Title: Draw a Sierpinski carpet fractal in Python and PIL
These earlier posts described shapes described by Wacław Sierpiński (1882 - 1969).
Sierpiński did a lot of other interesting things including defining the Sierpiński gasket and the Sierpiński carpet. This post explains how you can draw the Sierpiński carpet in Python and PIL.
As is usually the case, much of the program's code is dedicated to controlling the user interface and arranging things nicely. You can download the example to see those details. This post focuses on the fractal-drawing code.
The following make_carpet function creates the carpet image.
def make_carpet(self, depth, wid, hgt, fg, bg):
'''Make the carpet image.'''
# Make the image, initially filled with the fg color.
image = Image.new('RGB', (wid, hgt), fg)
dr = ImageDraw.Draw(image)
# Recursively draw the carpet.
self.remove_center(depth, dr, bg, 0, 0, wid, wid)
return image
This code creates an image of the desired size and fills it with the indicated foreground color fg.
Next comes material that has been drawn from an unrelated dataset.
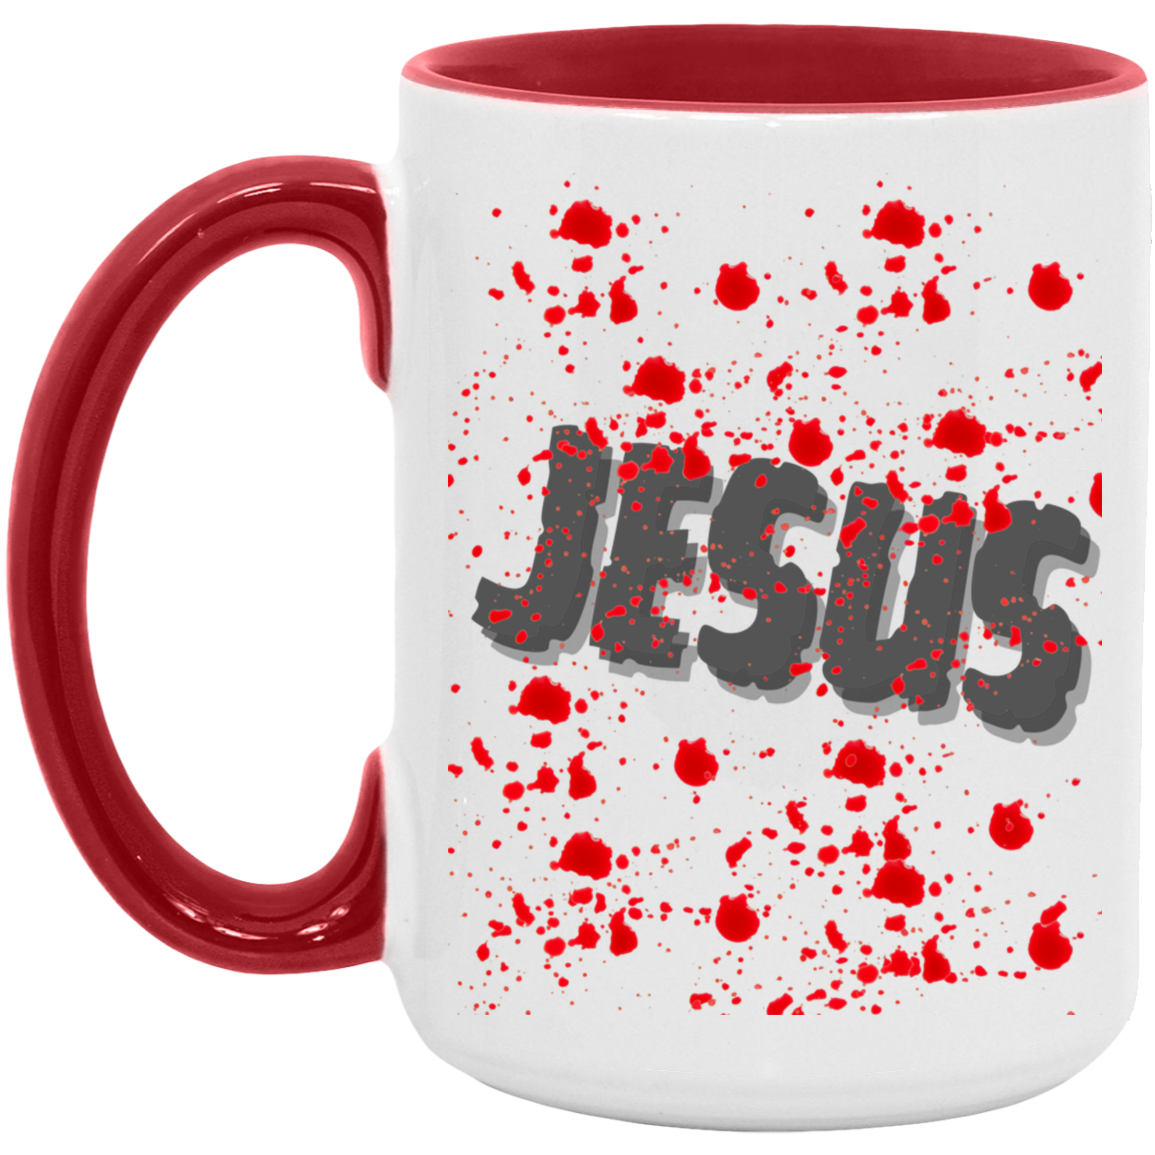 Blood of Jesus Accent Mug

It then calls the following remove_center method to remove the rectangle's middle.
def remove_center(self, depth, dr, fill, xmin, ymin, xmax, ymax):
'''Clear the center of this area.'''
# Divide the area into 9 pieces.
x3 = (xmax - xmin) / 3 # 1/3 of the width and height.
y3 = (ymax - ymin) / 3
# Clear the center.
dr.rectangle(xy=(xmin + x3, ymin + y3, xmin + 2 * x3, ymin + 2 * y3),
fill=fill)
# See if should recurse.
depth -= 1
if depth >= 0:
for r in range(3):
for c in range(3):
if r != 1 or c != 1:
self.remove_center(depth, dr, fill,
xmin + x3 * c, ymin + y3 * r,
xmin + x3 * (c + 1), ymin + y3 * (r + 1))
The remove_center method calculates X and Y coordinates needed to divide the rectangle into nine pieces. It fills the middle piece with the given fill color.
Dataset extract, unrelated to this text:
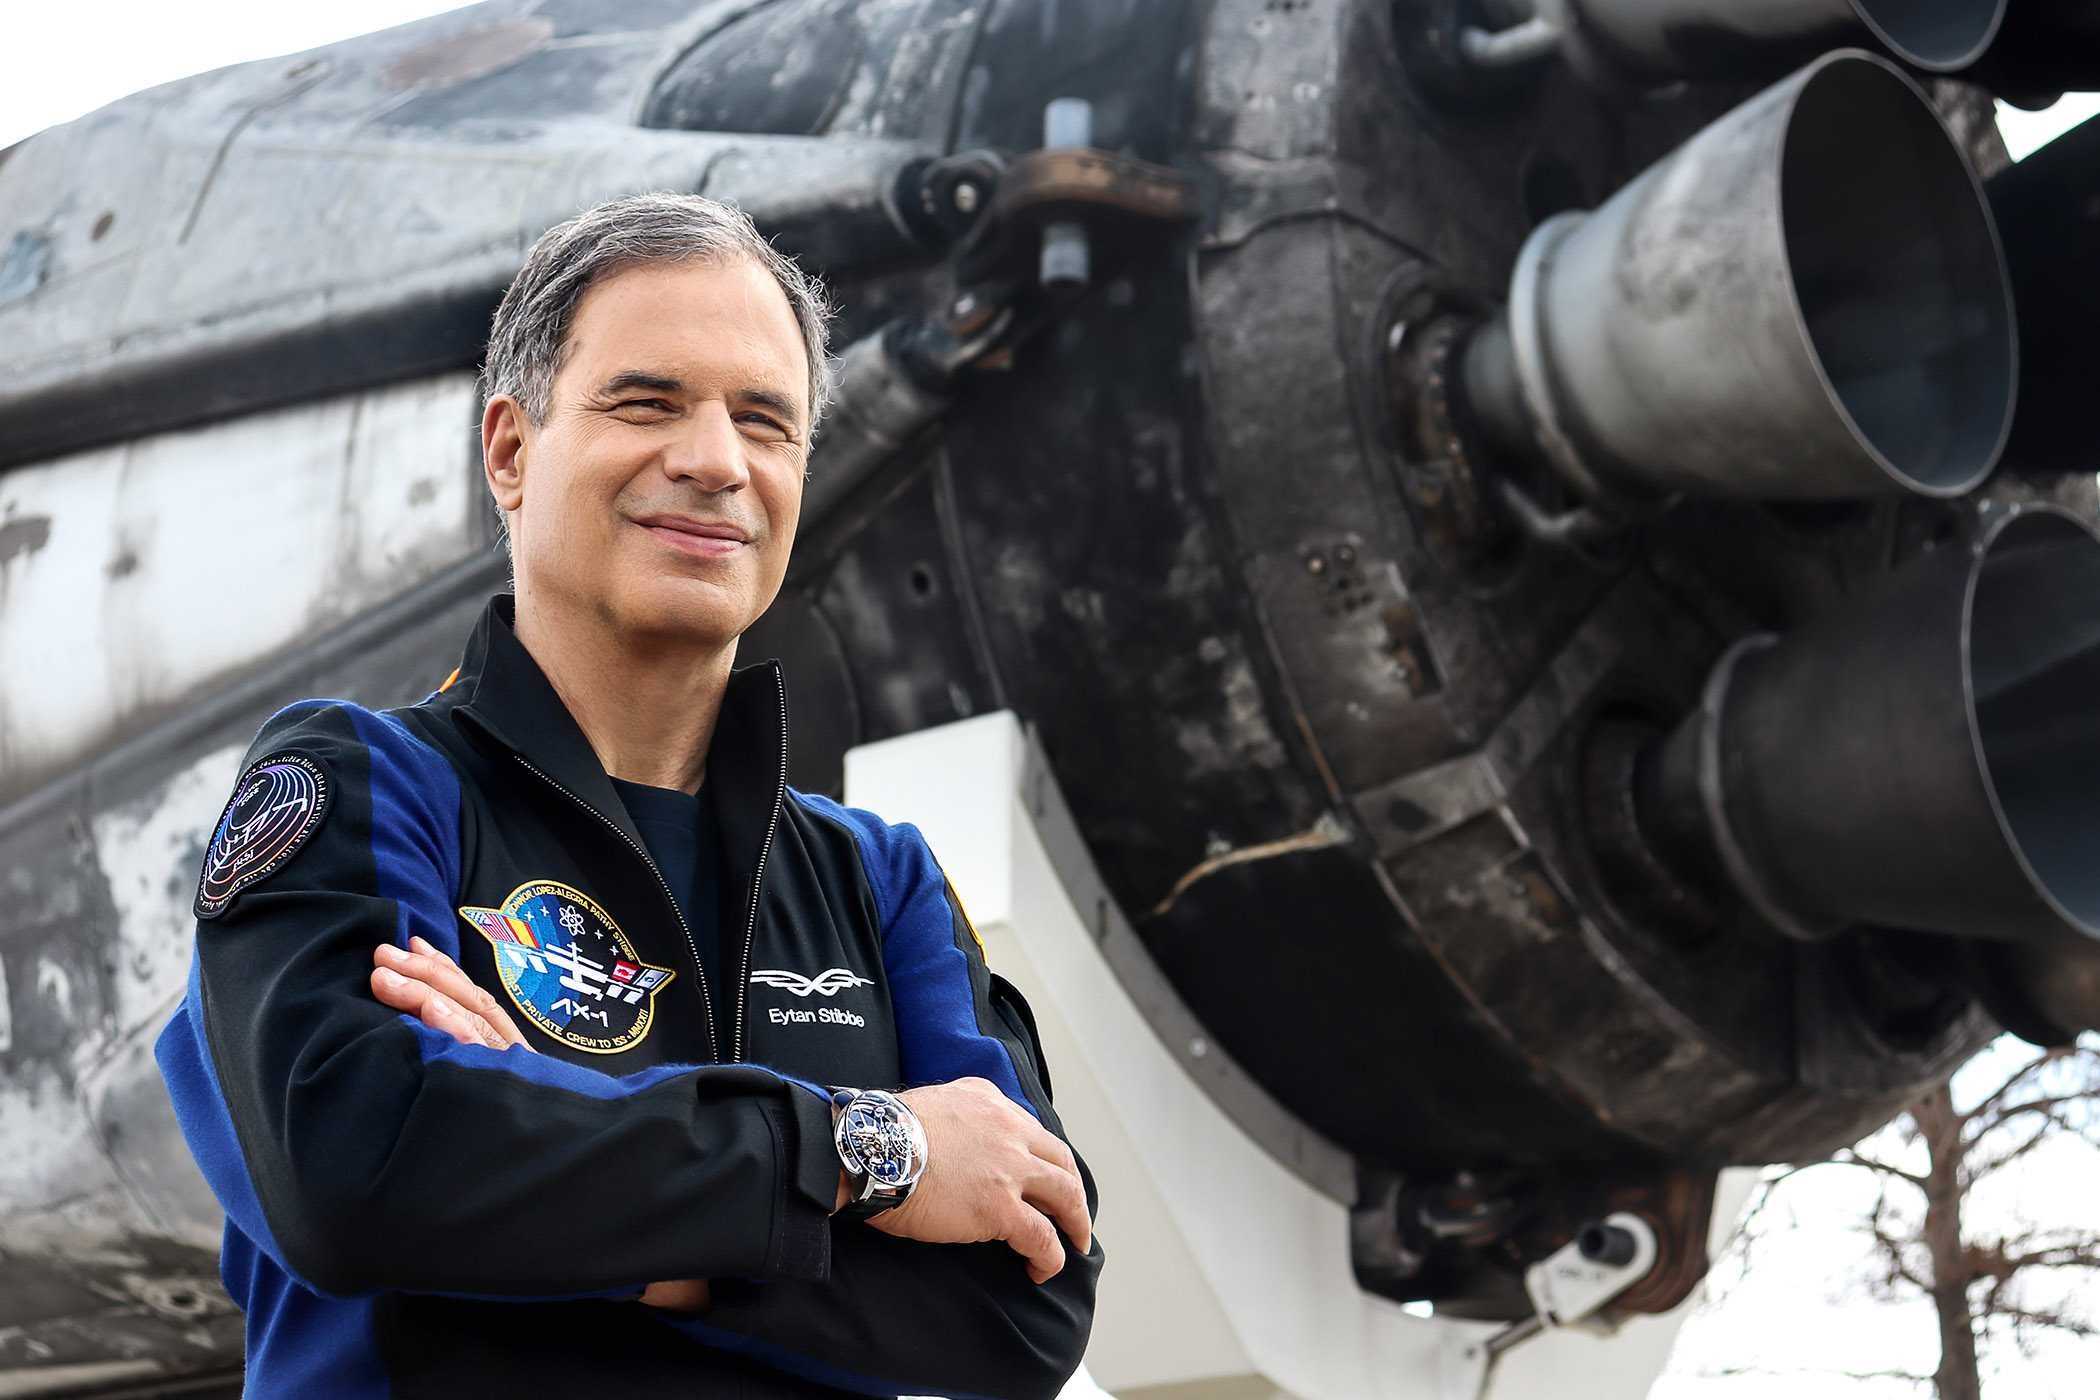 Jacob & Co. Astronomia Tourbillon Bucherer BLUE into space onboard ISS Eytan Stibbe

Next, the code subtracts one from the depth parameter. If that value is still at least 0, the code uses two nested loops to recursively call itself for the rectangle's non-middle pieces.
Like many recursive fractals, the code for this one is deceptively simple but it can generate very complicated results.
The following pictures show Sierpinski carpets with depths 0 through 3.
Download the example to experiment with it and to see additional details.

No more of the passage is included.